Mario Benedetti é, talvez, o mais uruguaio de todos os escritores de seu país. Mesmo durante o exílio na Espanha, quando o Uruguai atravessava um regime militar, Benedetti não deixou de se sentir como alguém que ainda morasse em Montevidéu e fosse passar as férias em Punta del Este. Quando de seu regresso, trouxe consigo a vontade de retomar a vida de onde parou, mas sabia que era impossível, que estava para sempre atrelado à sua partida forçada.
O retrato dessa jornada, interior e intercontinental, é o ponto-chave de Andaimes, romance de redenção e reencontro publicado em 1996, cujo protagonista, Javier, é um desexilado, alguém que vaga entre os não-lugares de sua vida: Espanha, Uruguai, Argentina e Brasil. Depois de muito tempo no exterior, Javier – que deixou mulher e filha na Europa – já não consegue mais se conectar com o país, sua família e seus amigos, como se flutuasse entre o passado e o pressente.
Em meio a esse desajuste social, o sujeito busca se apaixonar, encontrar nos braços de Rocío a cura para o vazio construído pelo medo de ainda ser perseguido pelos militares – preocupação que se revelará justa – e pela solidão imposta por aqueles que ainda temem qualquer vínculo com um jornalista conhecido pela atuação contra o regime. Benedetti usa o romance para examinar – com minúcia e realismo – as cicatrizes deixadas em si próprio e também em sua nação.
Qualquer paralelo entre a vida de Javier e Benedetti não é mera coincidência, ainda que o autor negasse um tom autobiográfico. “A ficha biográfica de Javier não tem muito a ver comigo. Não é um romance autobiográfico, a não ser alguns segmentos em comum, mas não são somente meus e de Javier, mas de todos os que voltaram ao país. As surpresas, as mudanças de estilo das pessoas, os rastros que deixou a ditadura. É um pouco do que todos temos visto”, comentou em entrevista à época da publicação.
Benedetti é, sem dúvidas, um nome à altura de figurar ao lado de Borges, Cortázar e García Márquez como um clássico absoluto.
Contraponto
Em certa medida, Andaimes é um contraponto para Montevideanos, cujos contos esmiúçam o cotidiano mais ordinário da capital uruguaia duas décadas antes do golpe.

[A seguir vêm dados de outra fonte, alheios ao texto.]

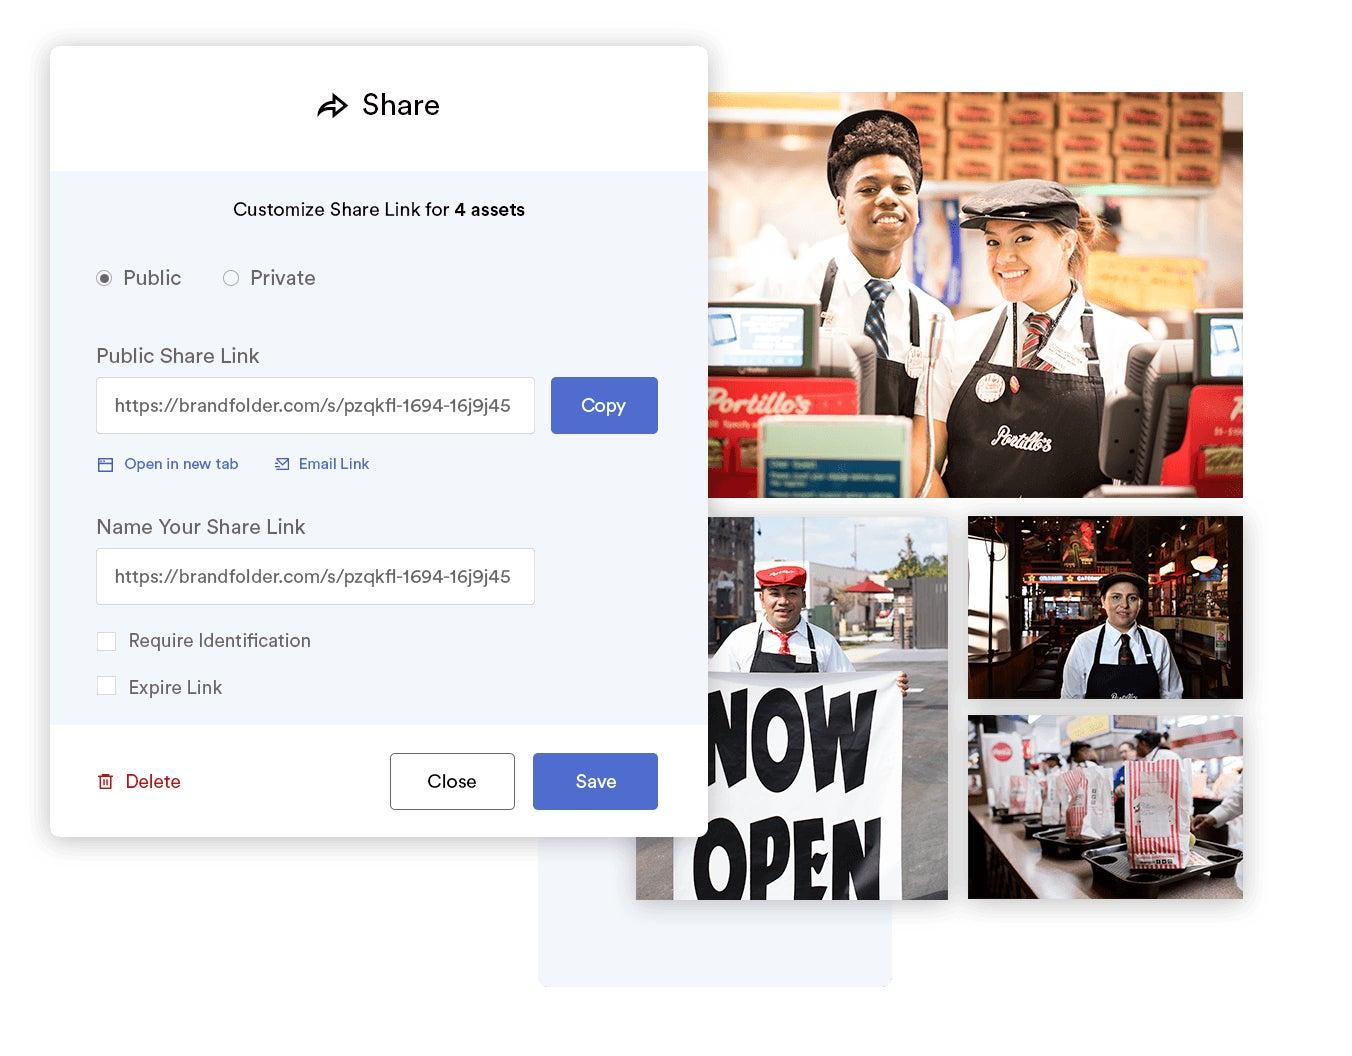 Share modal displaying share links

Os livros, separados por 40 anos, compõem uma perspectiva ampla e precisa dos efeitos do medo e da resignação. Se por um lado os 19 relatos que formam a coletânea são um olhar entre o progresso e a nostalgia, o romance é como um cristal partido, um vidro estilhaçado à pedra.
Obviamente, contos como “O Orçamento” e “A Família Iriarte” já tratavam da burocracia e dos obstáculos que travavam – e ainda travam – o homem comum. Como Galeano, Benedetti olhava para além do seu umbigo. Era, como Bolaño, antes de tudo, um escritor latino-americano. “Os namorados” e “As Xícaras” são passeios pela cidade, pelas suas calles e ramblas, acompanhando como turistas interessados não no monumento a Artigas – na Plaza Independecia –, mas na intimidade da gente comum.
Ainda assim, e mais que tudo, nunca quis abandonar aquilo que fazia dele também um montevideano legítimo. “O Uruguai não é o mesmo que eu deixei, tampouco é o país que imaginei que ia encontrar. Eu estava muito bem informado de tudo o que acontecia, mas não era o mesmo que imaginei. Eu vivi meu exílio em quatro países de língua espanhola, me adaptei muito bem. No exílio se dá um fenômeno de osmose, a pessoa dá tudo o que pode para agradecer ao país que a acolhe”, afirmou.
Montevideanos e Andaimes – como A Trégua e Obrigado pelo fogo – são voos livres sobre uma das mentes mais brilhantes da literatura latino-americana: uma voz capaz de perfilar a identidade de seu povo e fazê-lo desterritorializado. Benedetti é, sem dúvidas, um nome à altura de figurar ao lado de Borges, Cortázar e García Márquez como um clássico absoluto.